- Exercise: Copy out the data word for word, without any of its pictures.

- Data shown:

────────

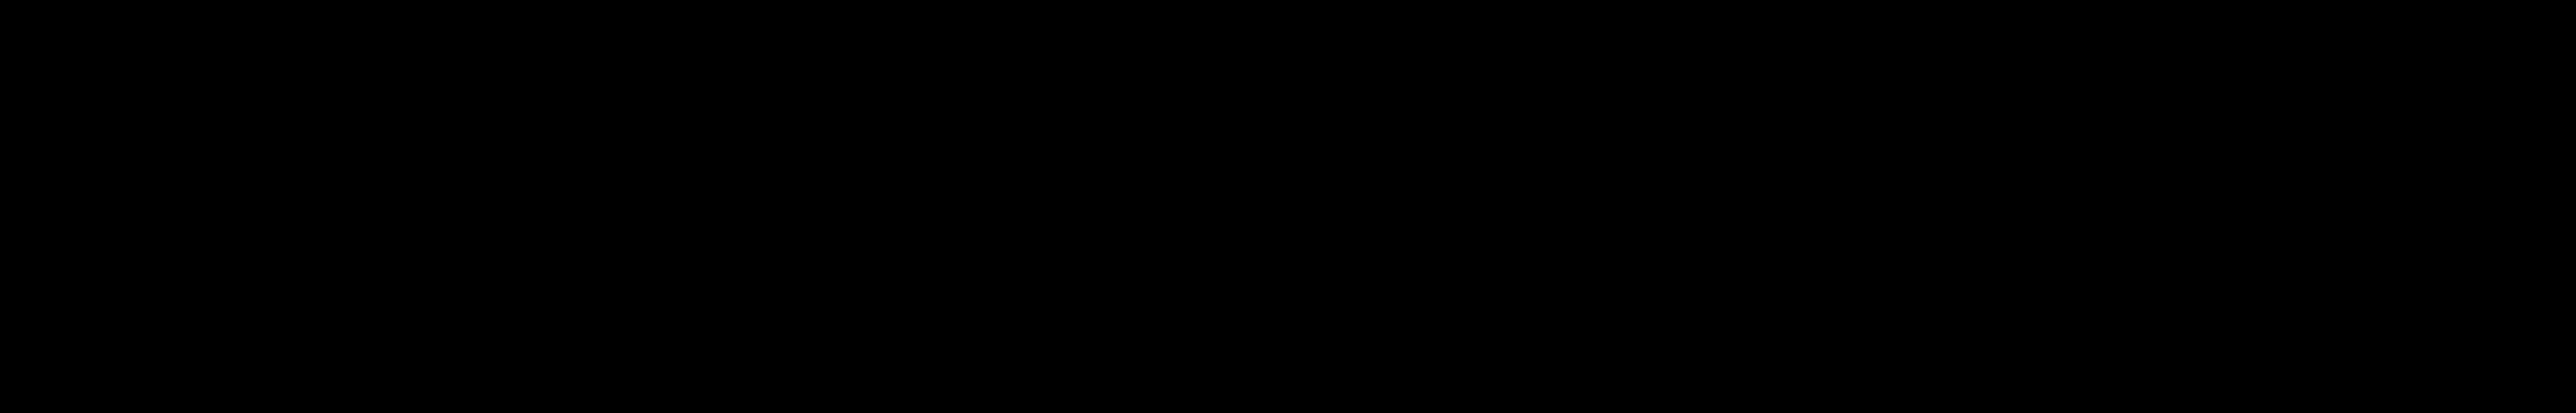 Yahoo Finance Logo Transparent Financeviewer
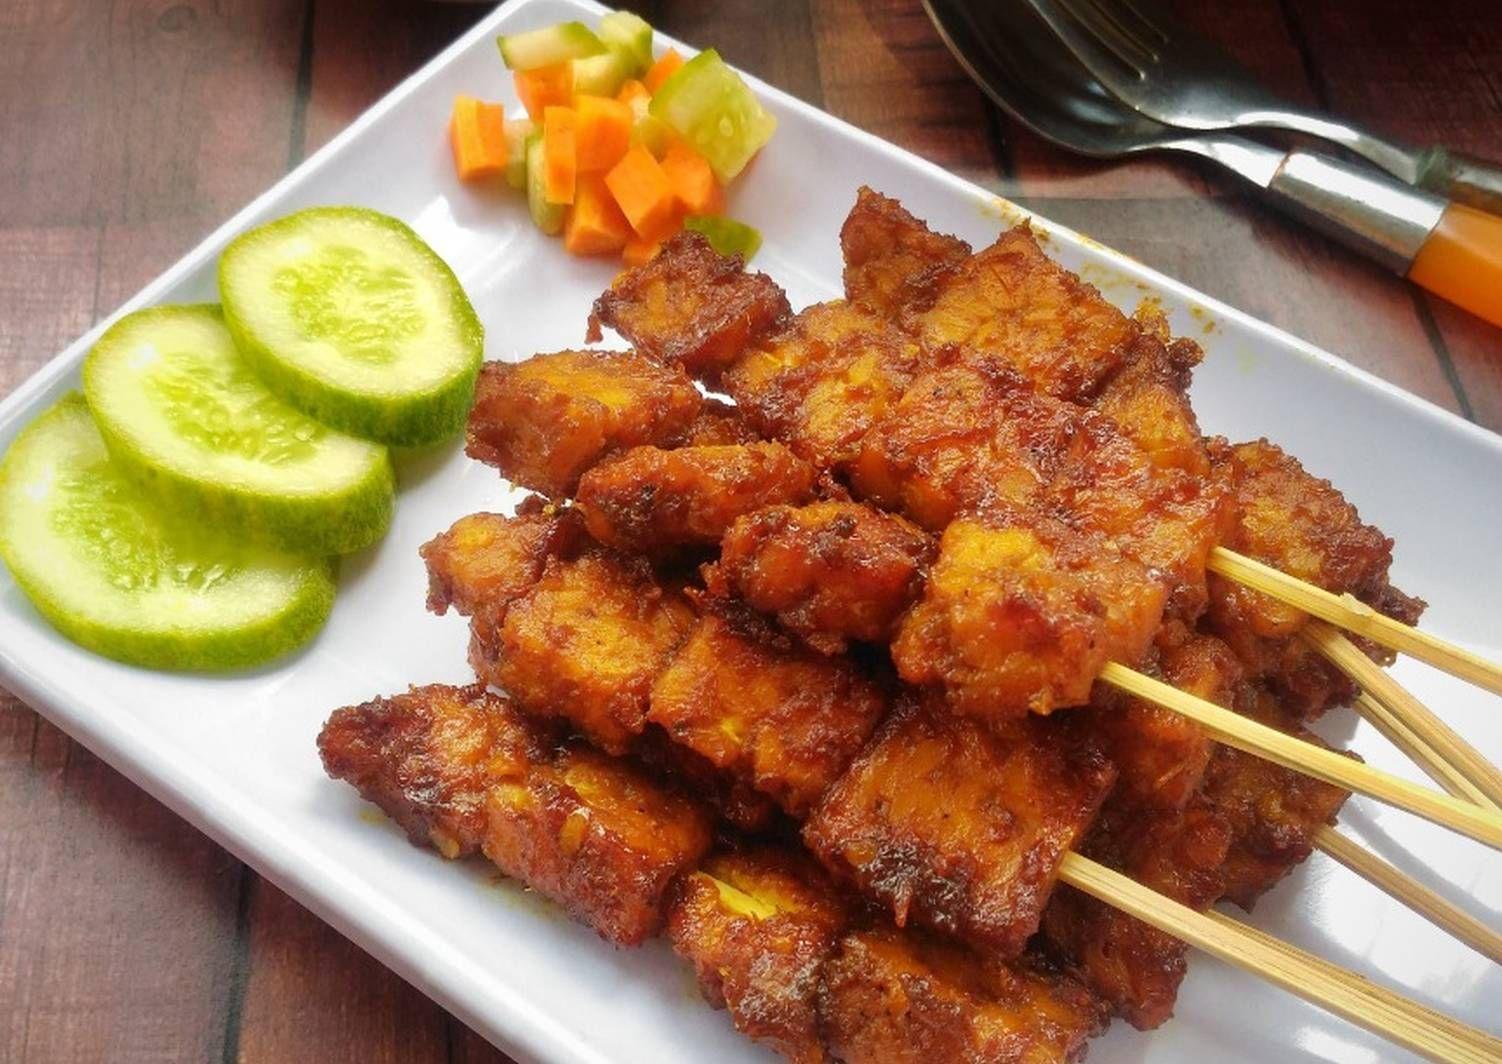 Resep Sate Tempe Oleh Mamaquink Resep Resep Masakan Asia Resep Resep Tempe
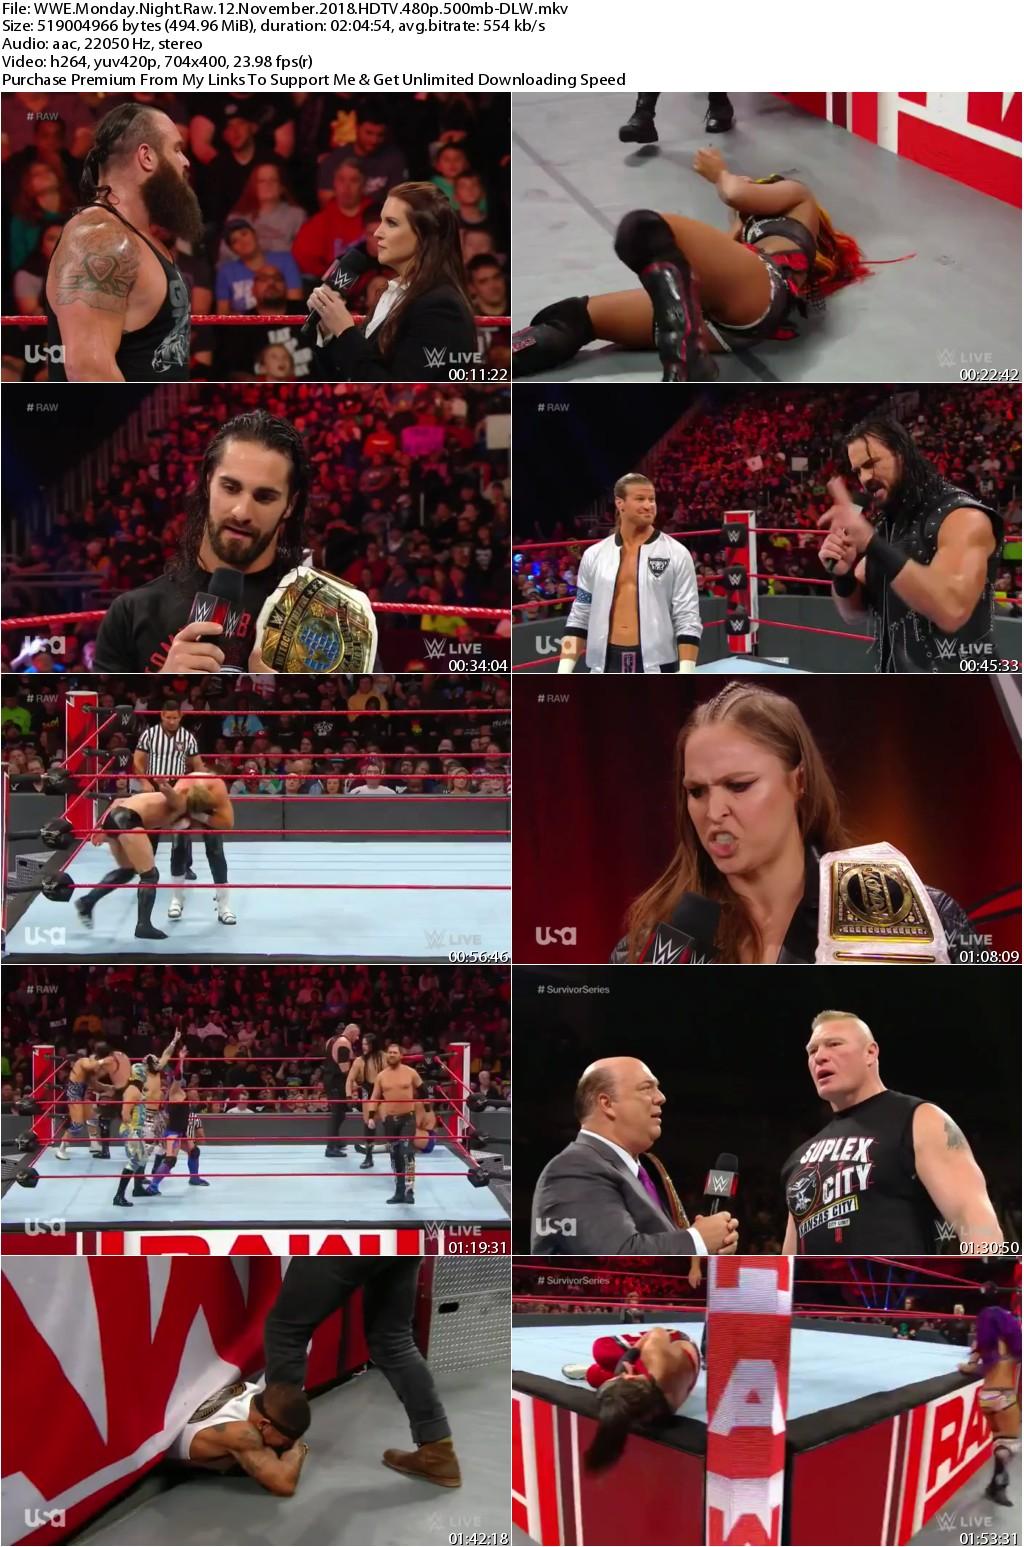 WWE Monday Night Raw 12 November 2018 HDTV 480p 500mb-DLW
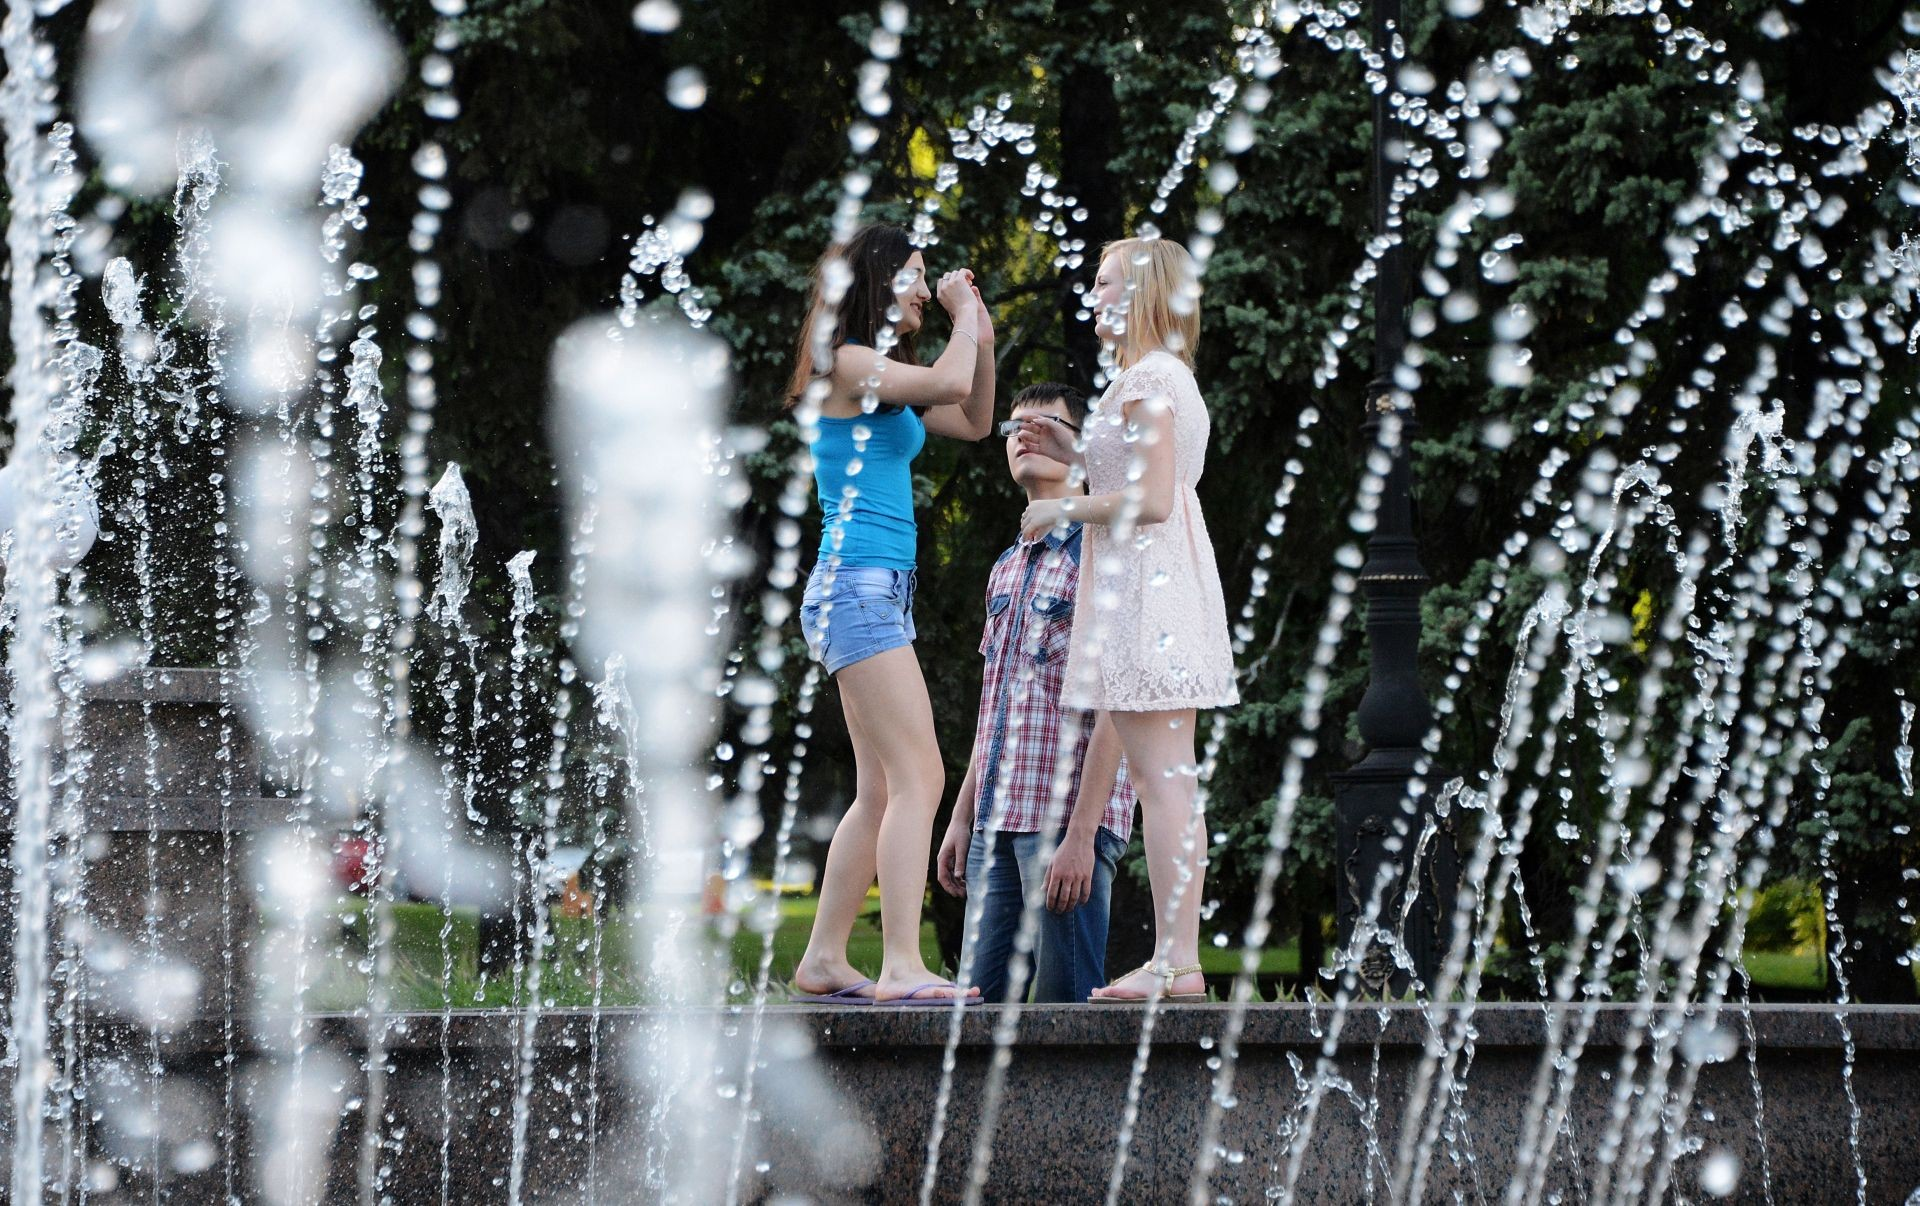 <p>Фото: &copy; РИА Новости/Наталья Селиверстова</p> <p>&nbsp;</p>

────────

- Task response:
 Yahoo Finance Logo Transparent Financeviewer
 Resep Sate Tempe Oleh Mamaquink Resep Resep Masakan Asia Resep Resep Tempe
 WWE Monday Night Raw 12 November 2018 HDTV 480p 500mb-DLW
 <p>Фото: &copy; РИА Новости/Наталья Селиверстова</p> <p>&nbsp;</p>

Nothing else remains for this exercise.